On notera la puissance des modifications qui surviennent dans les relations à la suite de la déchirure de l'enveloppe spatio-temporelle. On peut admettre que l'espace ne détermine pas mais qu'il conditionne gravement. Au fond, il s'agit de saisir les choses au moment où elles changent, au moment où elles basculent pendant, juste après et au moment où elles vont être refaites.

A l'organique peut se substituer le "planifié". Ce qui a été le cas dans la ville de Lisbonne après le tremblement de terre en 1755.

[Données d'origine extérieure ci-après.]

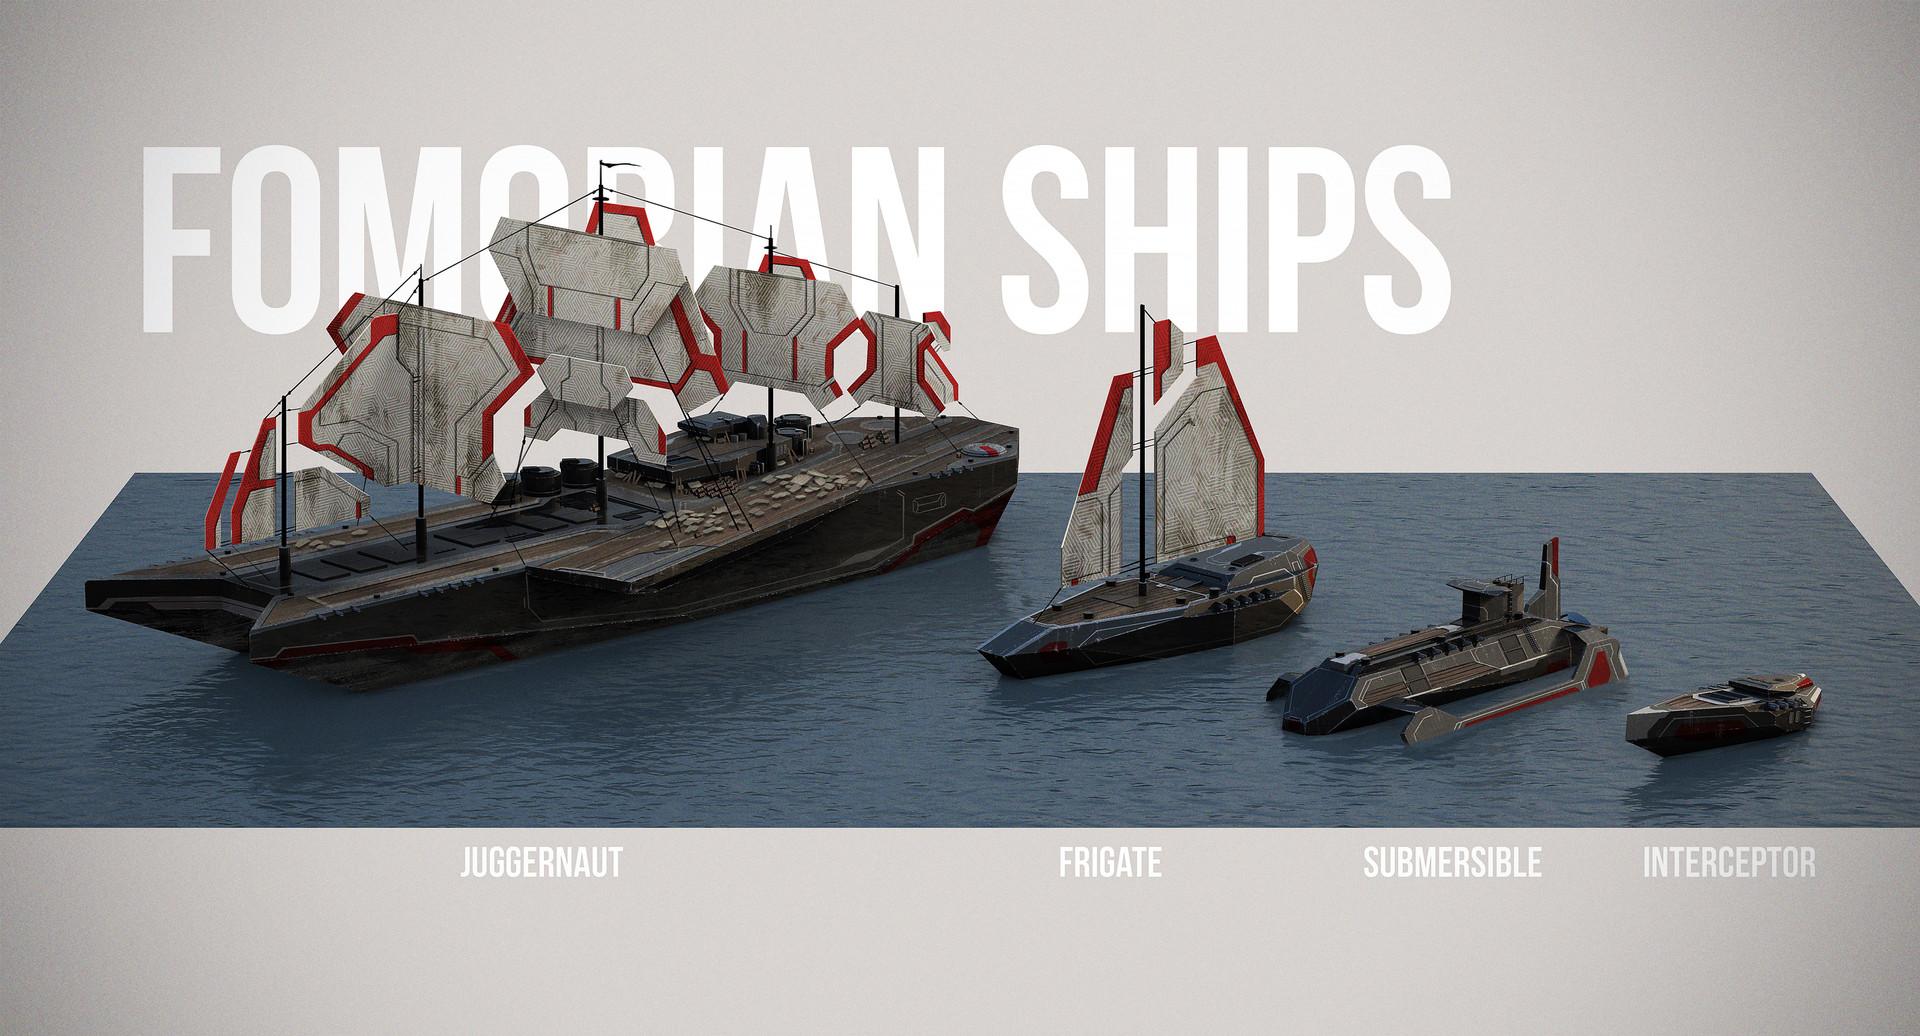 thomas-du-crest-fomorians-ships-03.jpg?1

On peut aussi renoncer à reconstruire et oublier comme à Pompéi et à Armero. Ce sont, en somme, les écosystèmes manqués, ceux dont on a oublié de prendre en compte une relation essentielle à l'enveloppe spatio-temporelle parce qu'on ignorait ou parce qu'on la sous-estimait.

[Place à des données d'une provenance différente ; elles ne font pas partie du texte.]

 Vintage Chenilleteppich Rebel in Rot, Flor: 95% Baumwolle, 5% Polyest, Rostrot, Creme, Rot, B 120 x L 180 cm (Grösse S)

On aura compris que la catastrophe peut être utilisée pour mettre en évidence la réalité des différentes relations et non pas en tant que phénomène. La catastrophe est un médiateur à nous-mêmes. Elle n'est pas intéressante en tant que chose mais en tant qu'état de choses.

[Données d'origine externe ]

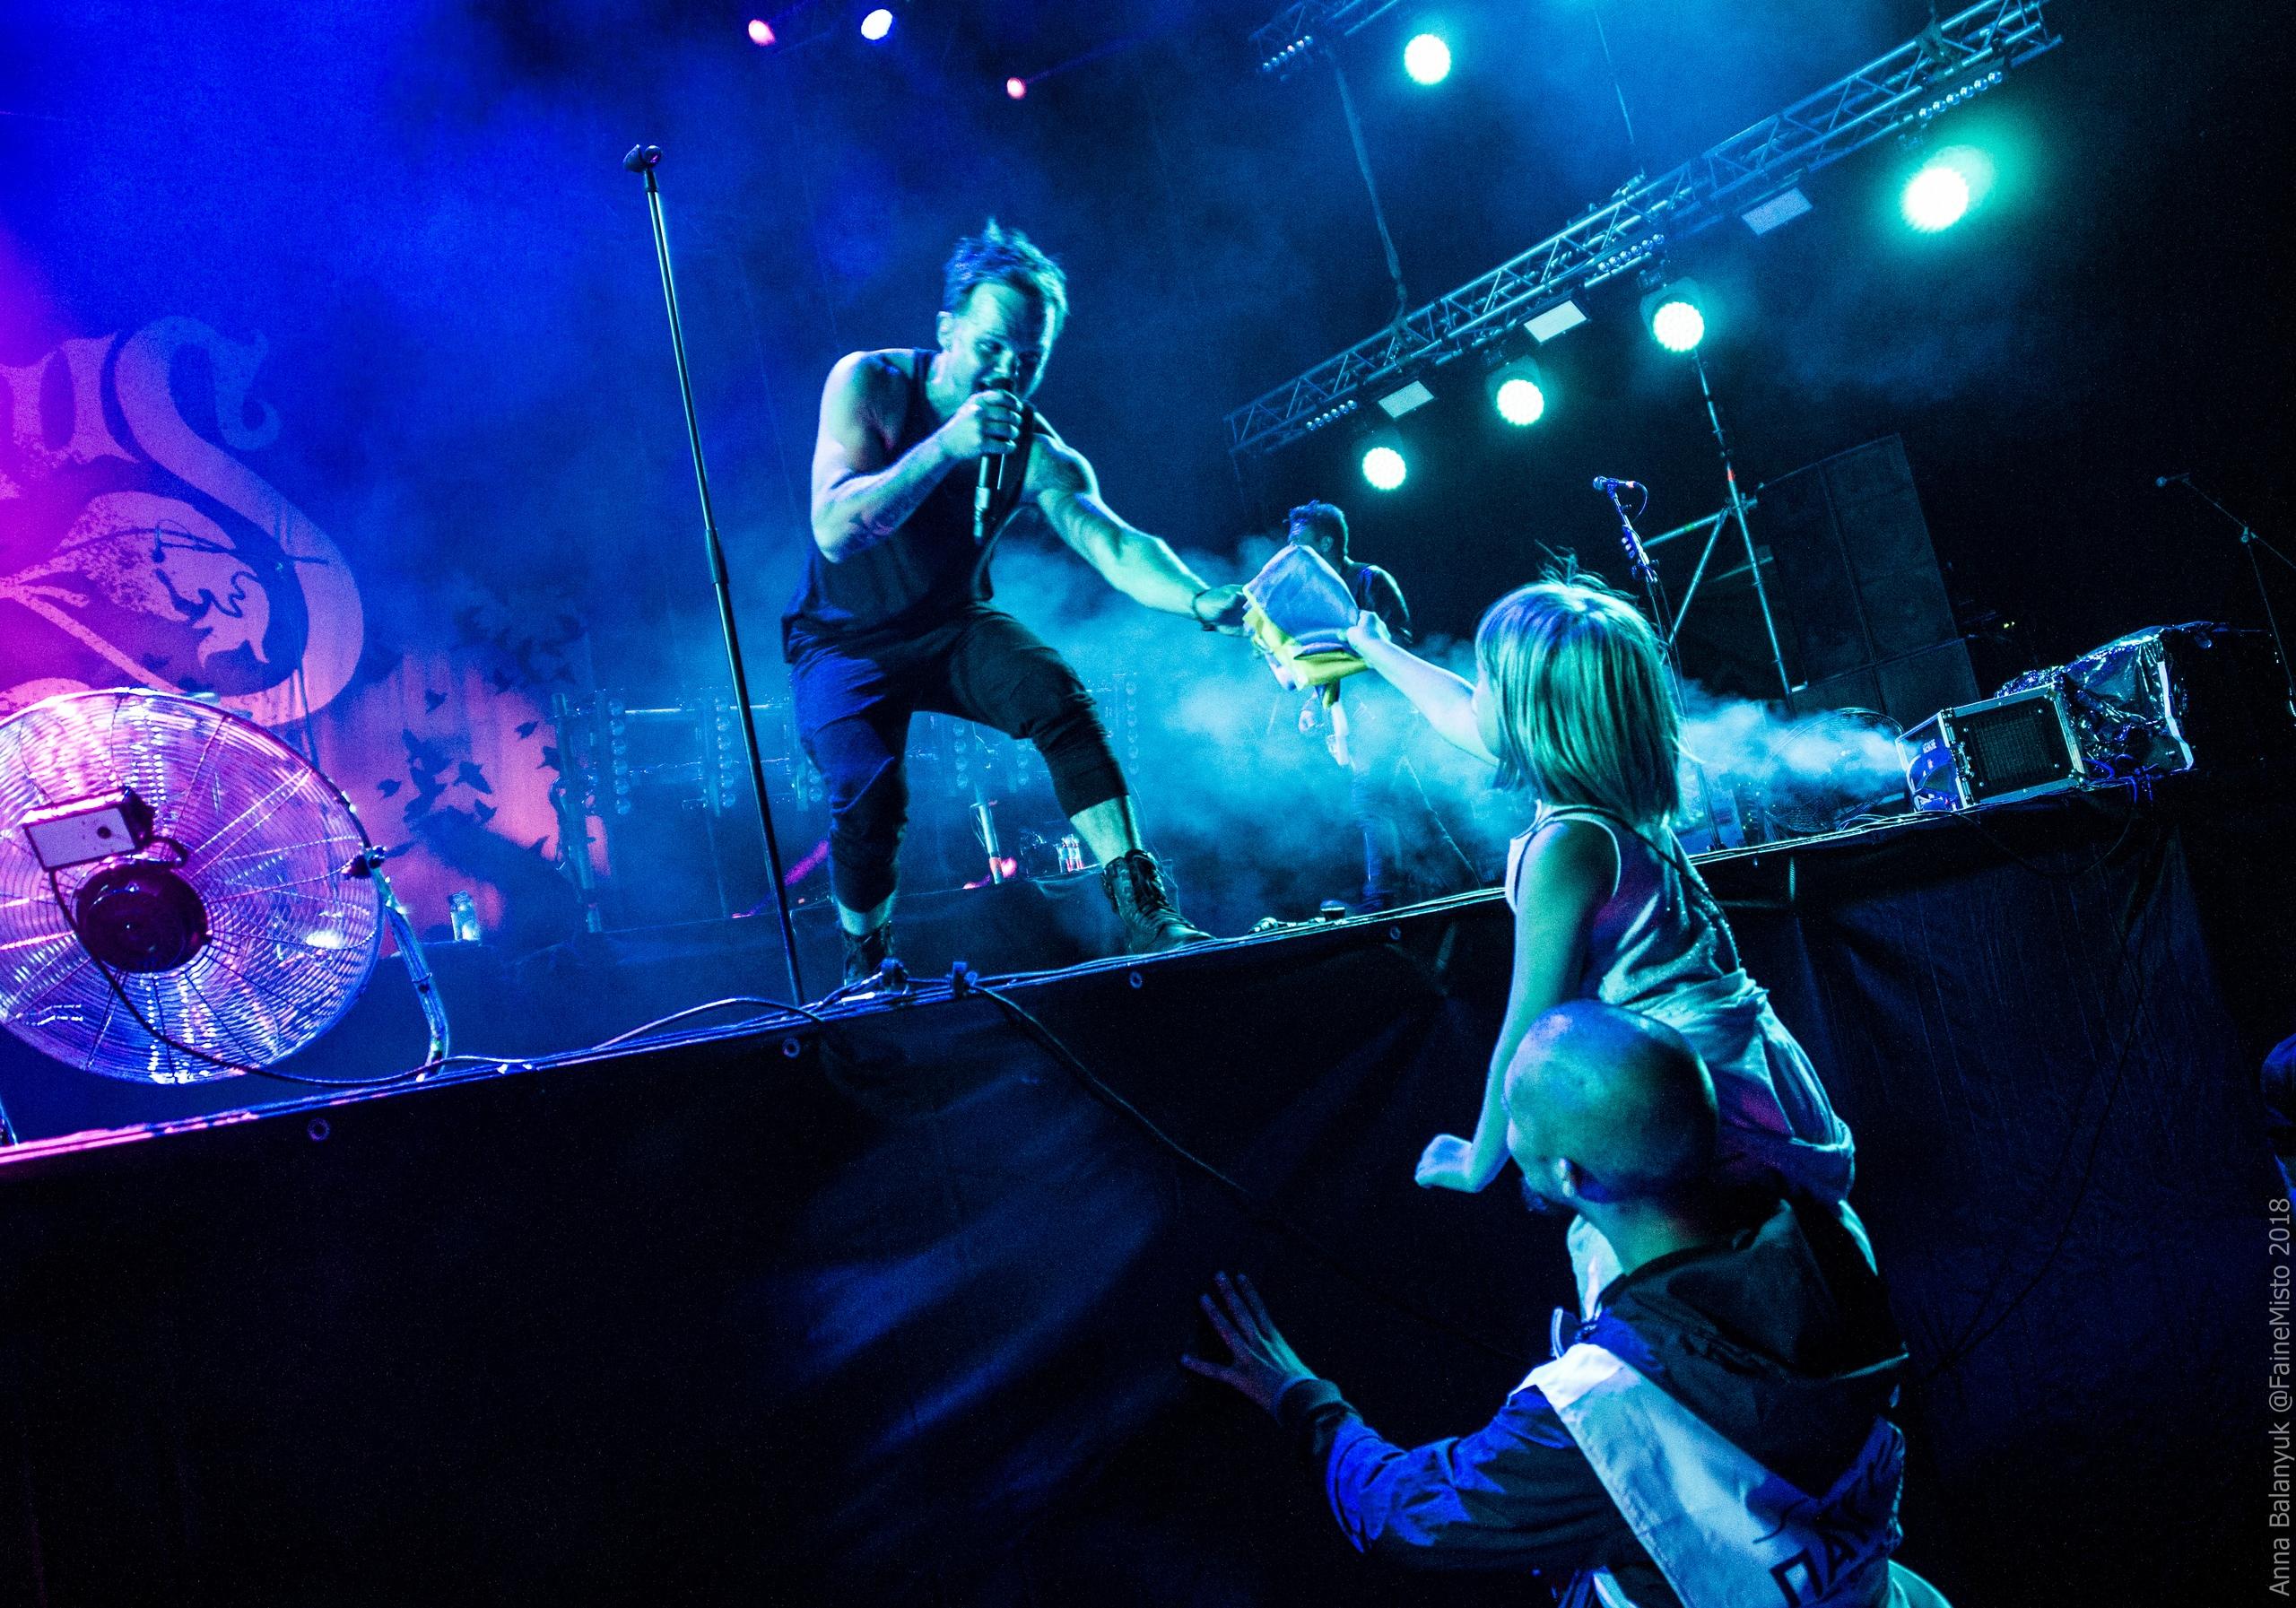 vHcfPDtVgu4 Фестиваль — UA MUSIC | Енциклопедія української музики

La catastrophe de Bhopal a mis en évidence les relations d'une multinationale avec son environnement; Tchernobyl a révélé les relations politiques en Occident exactement de la même manière. Le raisonnement qu'on peut faire s'apparente au marginalisme des économistes: les relations valent ce que valent les relations exceptionnelles. Rien de moins mais rien de plus non plus.

On remarquera que dans ces conditions l'idiographique permet de construire du nomothétique, que le particulier permet de produire du général.